A side according to (f)A,unaligned,fA,aligned) Calculating a first loss value L thereofA,simAnd reversely transmitting the first loss value to the first model, and adjusting parameters of the first model by a gradient descent method to update the first model to obtain the trained first model.
The method is also suitable for the local feature extraction model M of the B-party training selfB,local
Step S303, sending the trained first model to the target device, so that the target device aggregates the trained first model to obtain a global model.
The target device is a server device or a participant device in the federal learning system.
The first participant device sends the trained first model, namely the trained local feature extraction model, to the server device or the preset participant device, and the server device or the preset participant device aggregates the trained local feature extraction models of the plurality of participant devices to obtain a global model, and then distributes the global model back to each participant device.
And step S304, receiving the global model sent by the target device.

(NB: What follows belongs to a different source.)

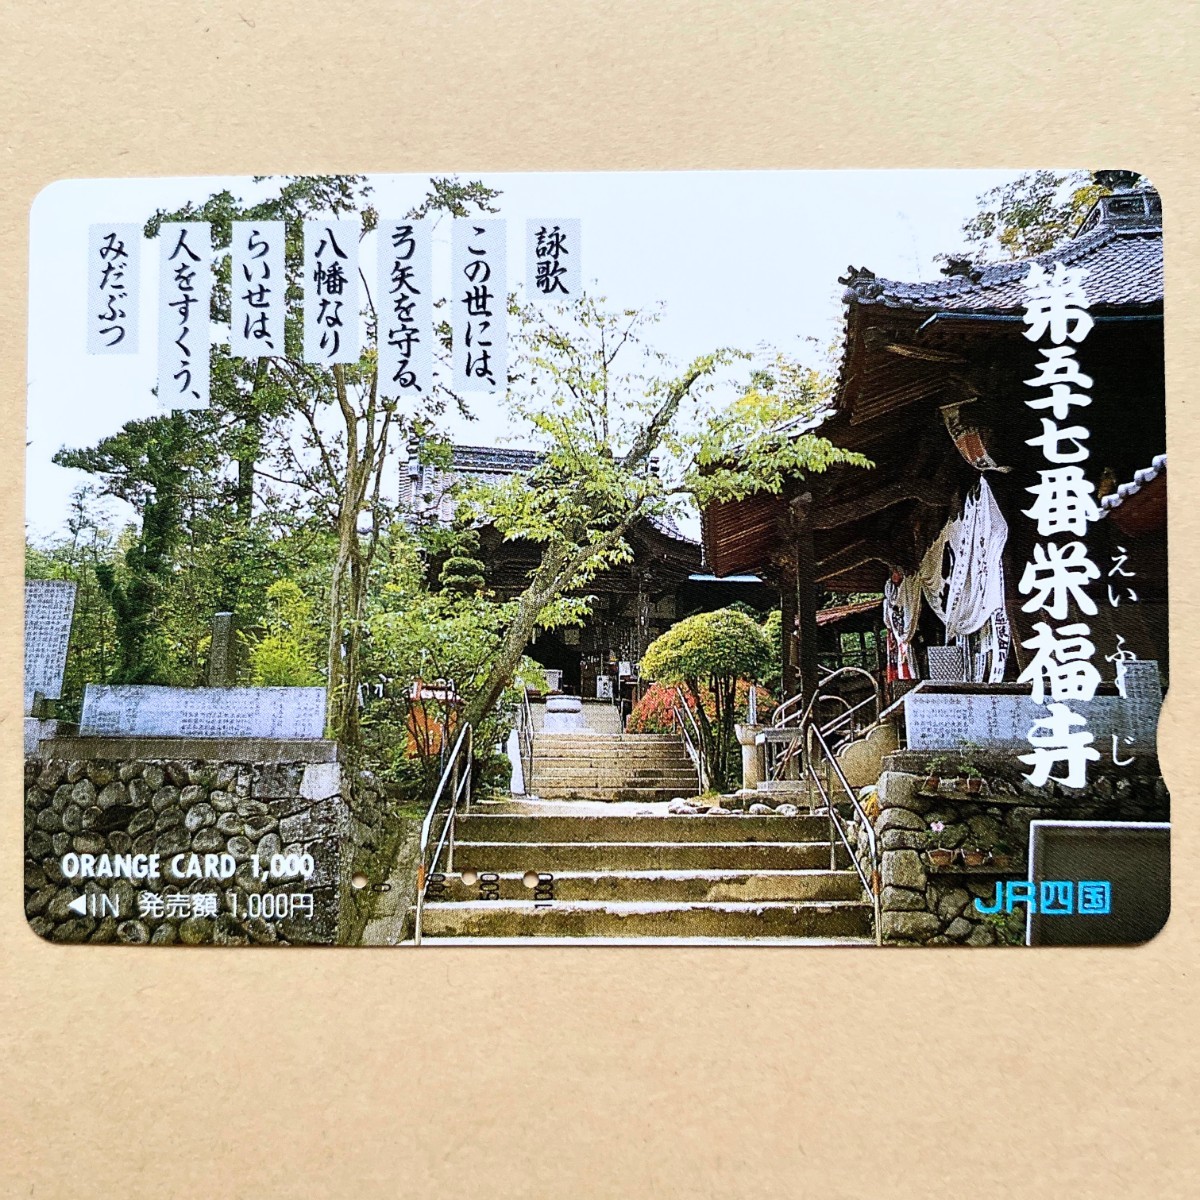 【使用済】 オレンジカード JR四国 第五十七番 栄福寺_画像1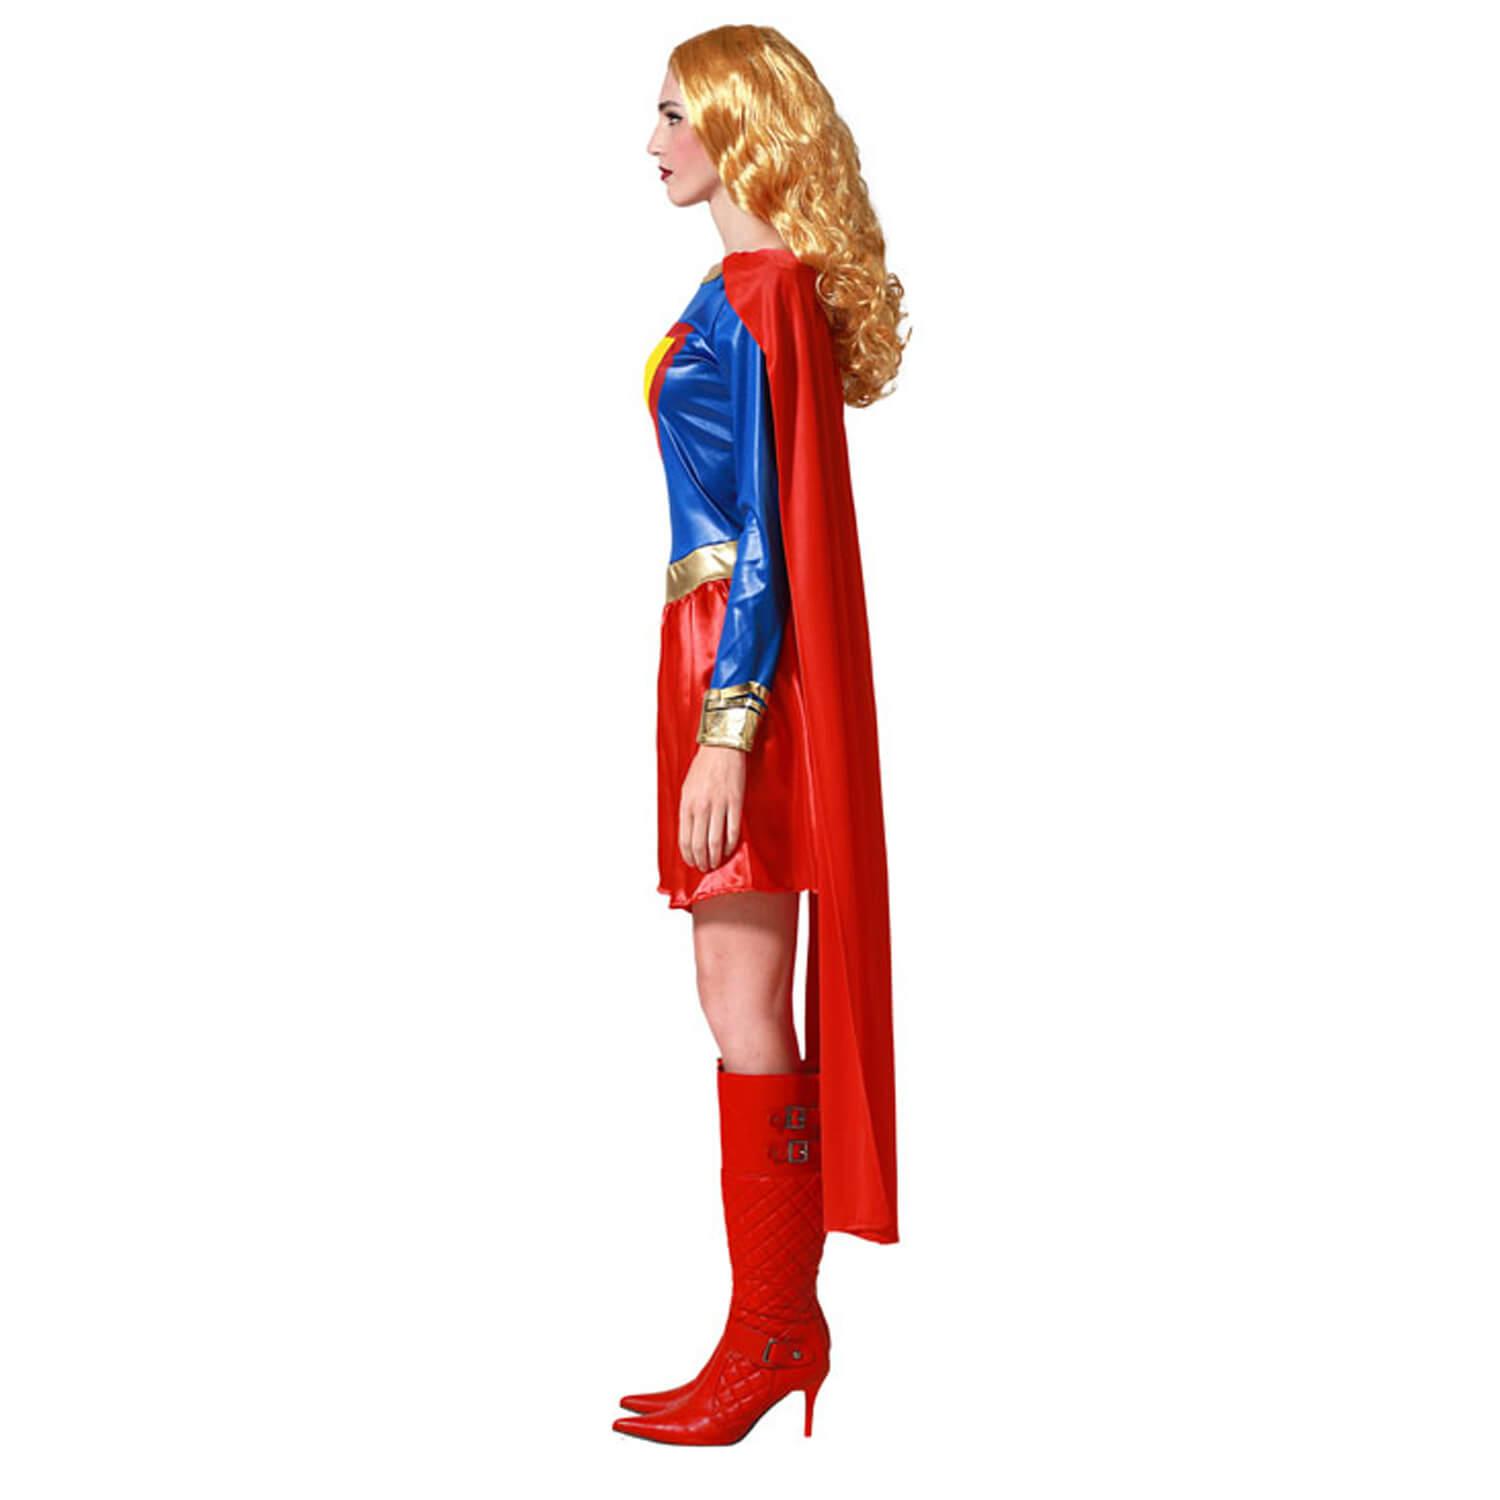 Déguisement Super Heroine bleu et rouge pour femme

In some embodiments, before processing the data to be processed, if the first participant device has a small amount of tag data, the global model may be adjusted according to the tag data, so as to further improve the effect of the joint model, and make the processing result more accurate.
Step S305, acquiring the attribute information of the object to be recommended.
And S306, processing the attribute information by using the global model to obtain a recommendation result.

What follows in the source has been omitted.